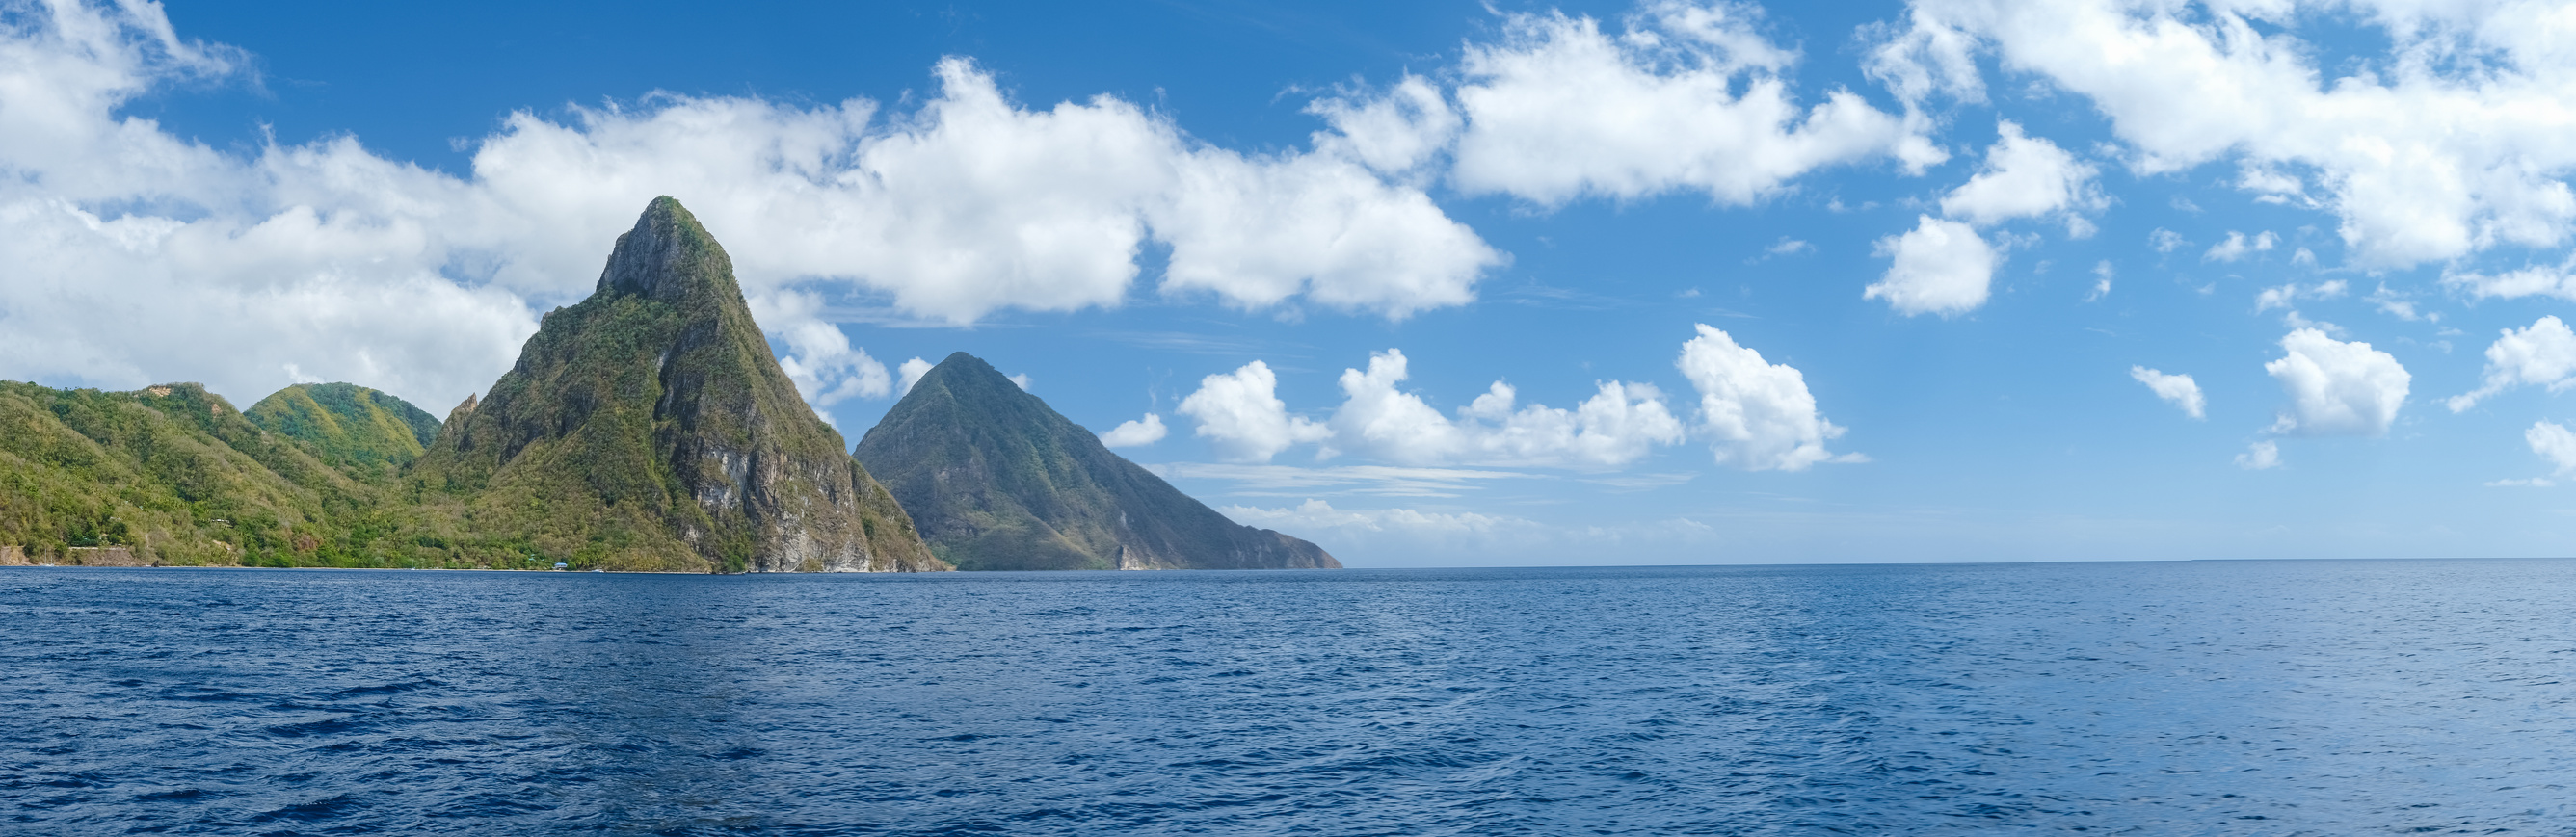 Pitons moutains of Saint Lucia, St. Lucia Caribbean Sea with Pitons
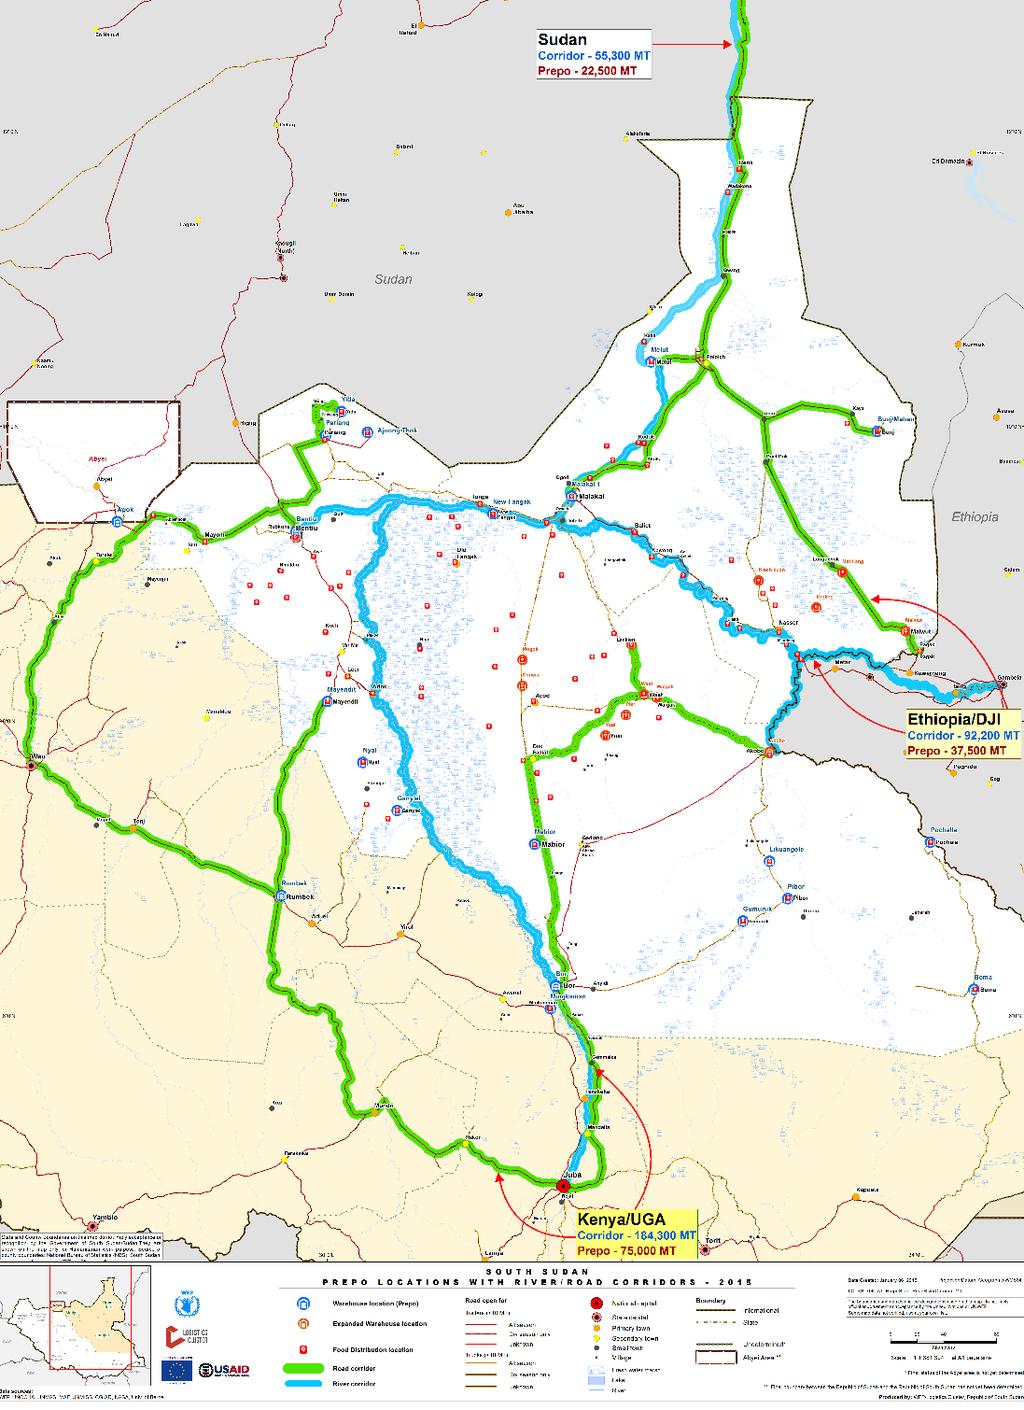 Sudan Corridor -50,466 Prepo - 16,000 2015 Prepo Plan Number of preposition locations 21 Number of expanded warehouses 12 ETH/DJI Corridor - 84,111 Prepo - 26,800 Corridor
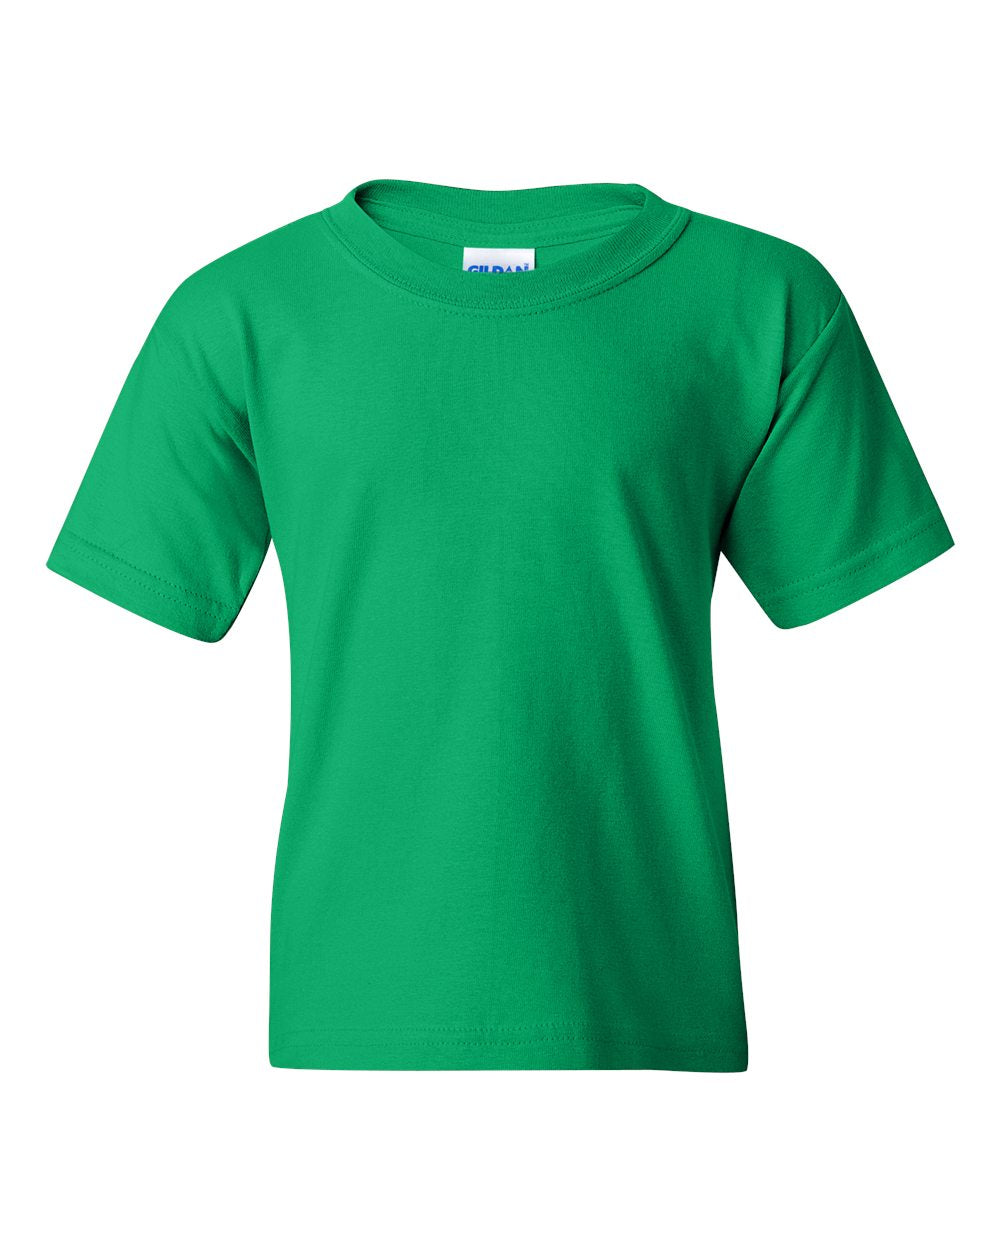 Heavy Cotton™ Youth T-Shirt Child Product 1

---*---

## TASK TO CARRY OUT
Reproduce the data above word for word from its first line through the line that holds "Sudan Corridor -50,466", both ends included; skip pictures.

## RESULT OF THIS EXERCISE
 Pitons moutains of Saint Lucia, St. Lucia Caribbean Sea with Pitons
 Sudan Corridor -50,466 Prepo - 16,000 2015 Prepo Plan Number of preposition locations 21 Number of expanded warehouses 12 ETH/DJI Corridor - 84,111 Prepo - 26,800 Corridor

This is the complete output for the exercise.